If the H-1B employer undergoes a change in corporate structure, the public access file must also include a sworn statement by the new H-1B sponsoring company accepting all obligations, liabilities and undertakings under the LCAs filed by the predecessor employer. This sworn statement should be accompanied by a list of the affected LCAs, their dates of certification, and a description of the actual wage system and employer identification number (EIN) of the new H-1B employer. Further, H-1B dependent employers and willful violators are subject to additional public access file requirements.
Pursuant to H-1B regulations, H-1B sponsors must maintain the records described above for one year beyond the last date on which any H-1B worker is employed under the LCA. If no foreign national is ever employed under the LCA, the records should be kept one year from the date the LCA expires or is withdrawn. Moreover, H-1B employers must make their public access files available for public inspection one working day after the LCA is filed with the DOL.
Though payroll records are not mandatory as part of the public access file, the DOL requires H-1B employers to keep the payroll records of all employees in the H-1B worker’s occupational classification for at least three years (from the date the record was created). In the event of an enforcement action, the payroll records must be preserved until the enforcement action is completed.
EMPLOYER AUDITS AND INVESTIGATIONS
The H-1B employer usually, but not always, receives notice of the H-1B audit prior to the commencement of the investigation. During an investigation, the DOL will audit the employer’s practices and records while searching for violations related to employees holding H-1B visa status. At the conclusion of the investigation, the H-1B employer will receive a determination letter that outlines the findings of the investigation, including a determination of whether any of the violations were found to be substantial or willful.
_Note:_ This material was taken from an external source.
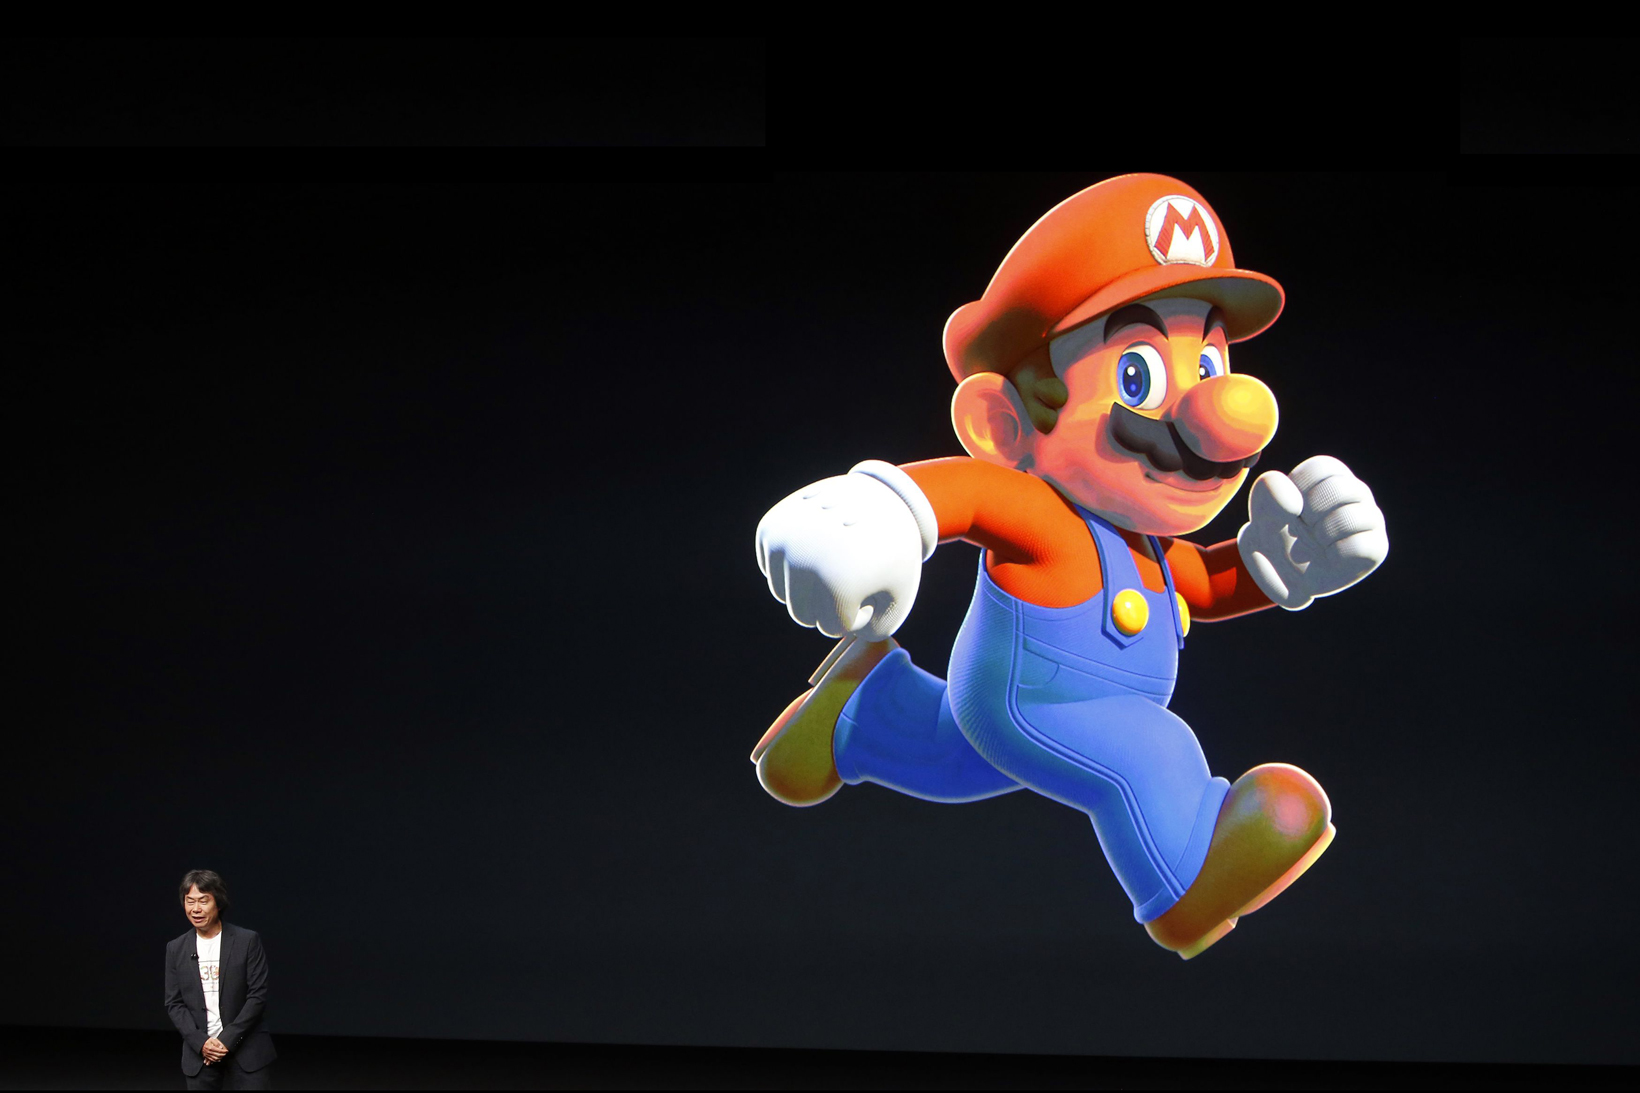 Shigeru Miyamoto Super Mario Run Apple Event - 1308199
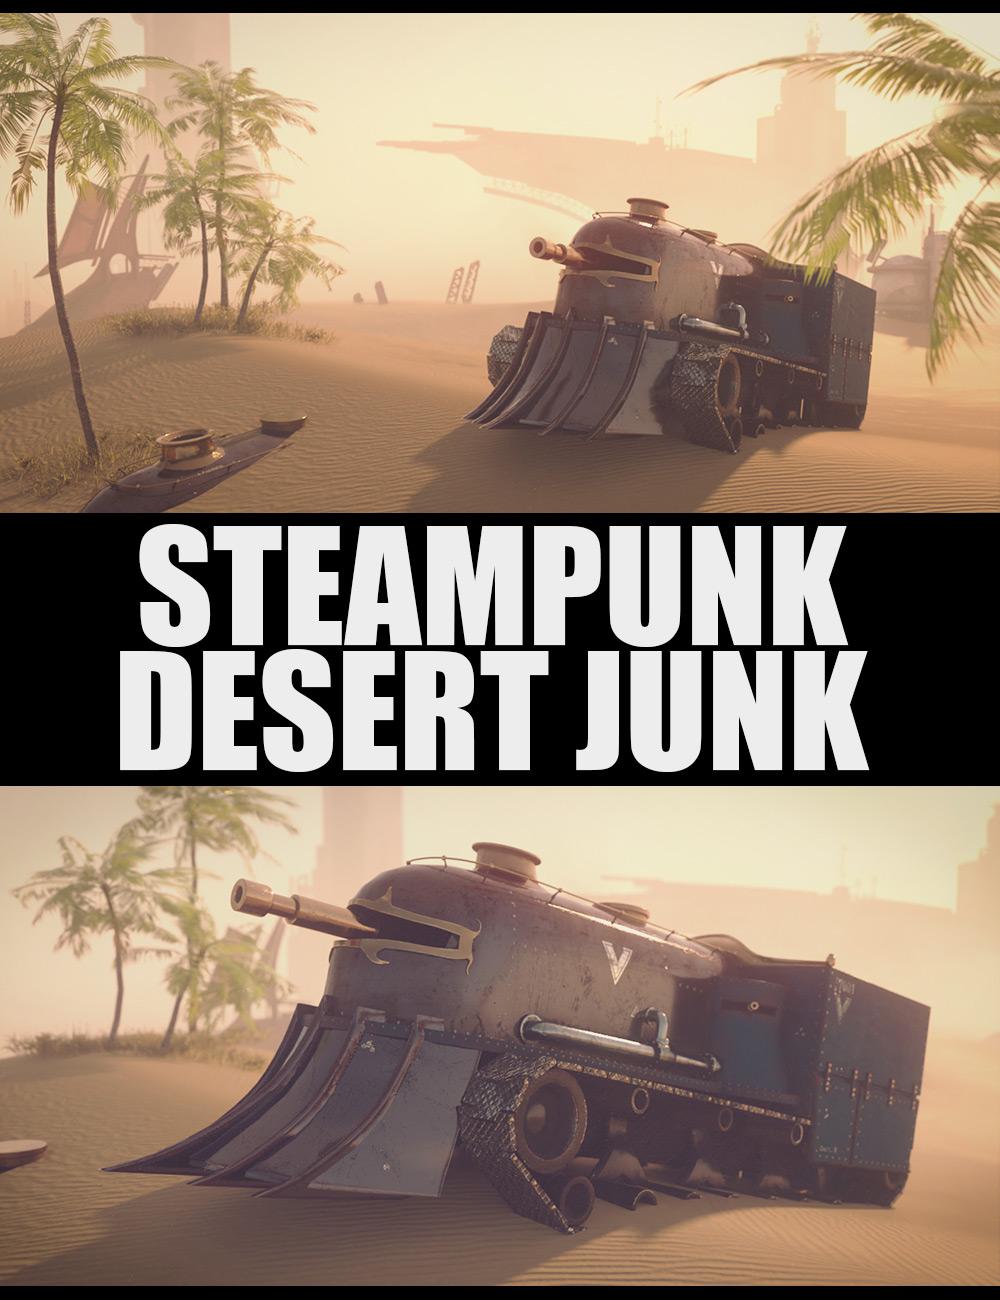 Steampunk Desert Junk by: Dreamlight2 create HB, 3D Models by Daz 3D

Some examples of violations that may be discovered in an H-1B audit include but are not limited to:
- Failing to provide notice of an LCA filing to the bargaining representative or employees in the occupational classification;
- Misrepresenting information contained in the LCA;
- Failing to pay the H-1B salary for certain non-productive time or failing to provide benefits;
- Failing to maintain the proper information in the public access file; and
Failing to observe the no strike or lockout provisions contained in the LCA.
The determination letter will also designate the penalties the H-1B employer faces for the violations.
By signing the LCA, the H-1B visa sponsor is certifying to the DOL that the information in the LCA is truthful and accurate, as well as accepting the obligations associated with the employment of H-1B workers. The penalties for non-compliance can be steep and include fines ranging from $1,000 to $35,000 per violation, the payment of back wages, and suspension or disbarment from the H-1B and other visa programs. For minor violations, the DOL will consider the H-1B employer to be in overall compliance if the employer:
- Has made a good faith effort to comply with the H-1B regulations;
- Voluntarily corrects any violations within 10 business days;
- Does not have a history of willful or numerous violations; and
- If a prevailing wage violation, can establish the wage was calculated consistent with industry norms
The H-1B employer is subject to non-compliance penalties beginning on the date their LCA is certified or the date the H-1B employee commences employment, whichever is earlier.
The H-1B sponsor (or any interested party) has 15 days from the date of the determination letter to request a hearing before an Administrative Law Judge (ALJ). If the H-1B sponsor is dissatisfied with the ALJ’s determination, they (or any interested party) may request a final review of the ALJ’s decision by the Department of Labor’s Administrative Review Board.